Figure 8 gives the temporal evolution of the Nusselt number at the cold wall for the last considered periods. The periodic oscillatory regime is established for most Rayleigh numbers. For high Rayleigh numbers, the cold Nusselt curves exhibit quasi-periodic shapes when the cooling modulation amplitude is small (Amp ≤ 0.5) and aperiodic shapes for high amplitudes (Amp > 0.5). We note that the more the amplitude increases, the more the heat transfer module intensifies. In the case of Rayleigh 10⁶, the curve loses its periodicity due to the appearance of unsteady phenomena. Note that when the amplitude increases, instabilities appear even for the intermediate Rayleigh numbers and lower than Ra < 10⁶. Additionally, it is apparent that for low modulation amplitudes, the curves have a quasi-symmetrical shape, whereas when the modulation increases, the physical behavior of the cavity is different between heating and cooling. It should also be noted that it is no longer the increase in the Rayleigh number that governs the growth of transfer rate.

Figure 9 illustrates the temporal evolution of the cold Nusselt number for the last two periods considered, as function as Rayleigh number and dimensionless amplitude. It can be seen that increasing the modulation amplitude increases the peak essentially for high amplitude values. Likewise, it is noted that when the thermal draft increases, characterized by the Rayleigh number, unsteadiness appears.

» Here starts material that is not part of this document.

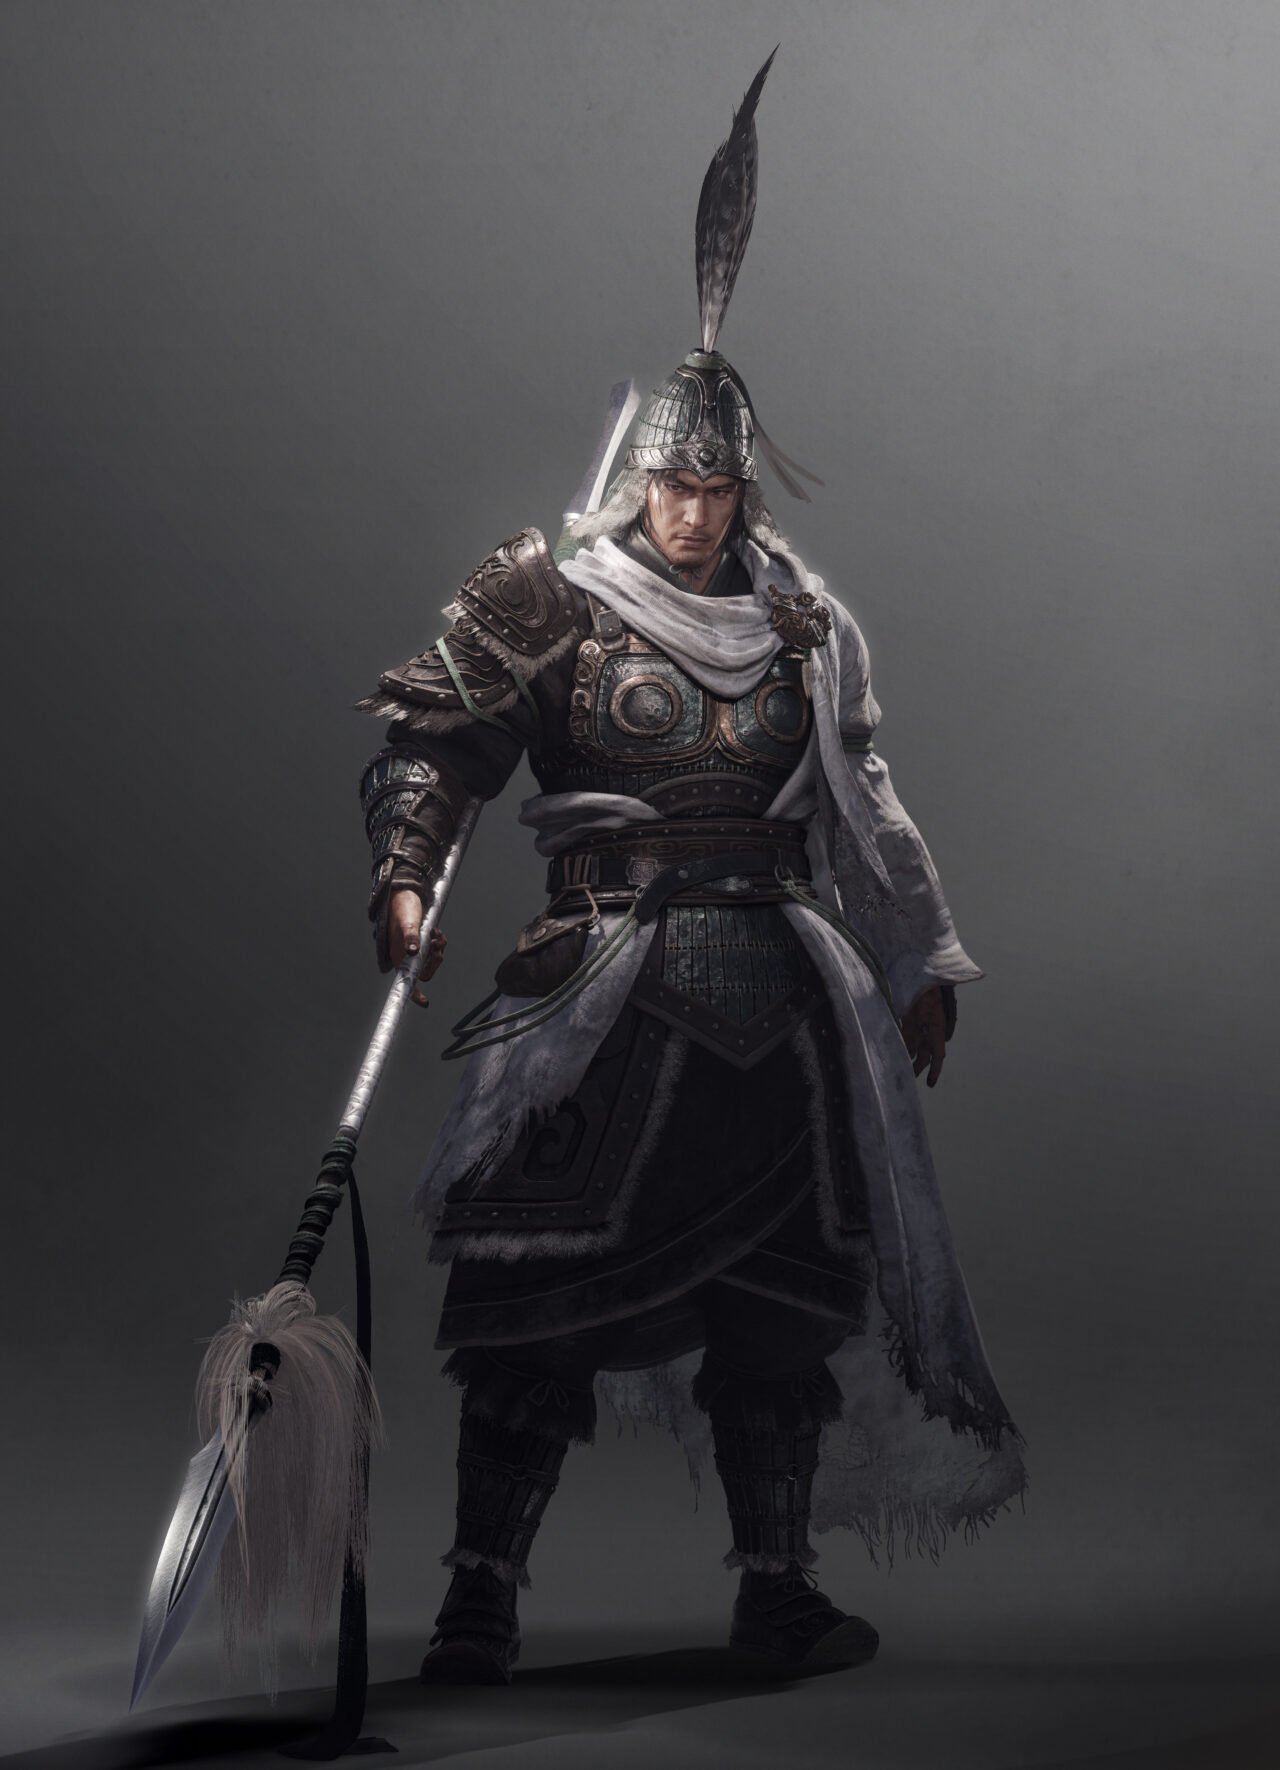 wo long: fallen dynasty armor sets

Figure 10 illustrates the phase portraits of the normalized Nu_c and Nu_h (cold and hot Nusselt respectively) for different Ra, and for Amp = 0.4 and 0.8, respectively. It is well known that when boundary conditions are not modulated, hot and cold Nusselt numbers must be the same to ensure energy balance. In the case where the boundary conditions are modulated, the heat transfers on the hot and cold sides follow different evolutions [41,42,43,44]. The main observation is that for a Rayleigh of 10³, 10⁴ and 10⁵, the limit cycle indicates that the regime is periodic; on the other hand for the Rayleigh 10⁶, the limit cycle is replaced by a cross cycle indicating the birth of natural instabilities and their addition to the pulsation imposed by the boundary condition. For Amp = 0.8, the limit and cross cycles are stretched diagonally showing that reaching the maximum value of Nu_c induces the fall of Nu_h to its minimum value and vice versa.

4. Conclusions

In this study, the Lattice Boltzmann method has been used in order to investigate Rayleigh–Bénard convection in square cavity submitted to a time-periodic cooling. The Rayleigh number value considered is between 10³ and 10⁶, while the amplitude varies 0.2 to 0.8 and Prandtl value kept constant at 0.71. The flow state as well as the thermal fields depends on the values of control parameters (Ra and Amp). For the dynamic field, the obtained results show that the flow structure changes from predominantly monocellular to predominantly counter-rotating bicellular flow for Rayleigh number values Ra= 10⁶ and low values of the heating amplitude. This phenomenon was obtained for lower Rayleigh values (Ra = 10⁴) by increasing the value of the heating amplitude.

The analysis of the heat transfer show that for small values of amplitude heating, the averaged Nusselt curves follow a periodic evolution around an average corresponding to the formulation according to a constant cold temperature. An unsteady evolution is observed when the thermal draft increases; this unsteadiness has appeared for low Rayleigh numbers by increasing the value of the heating amplitude.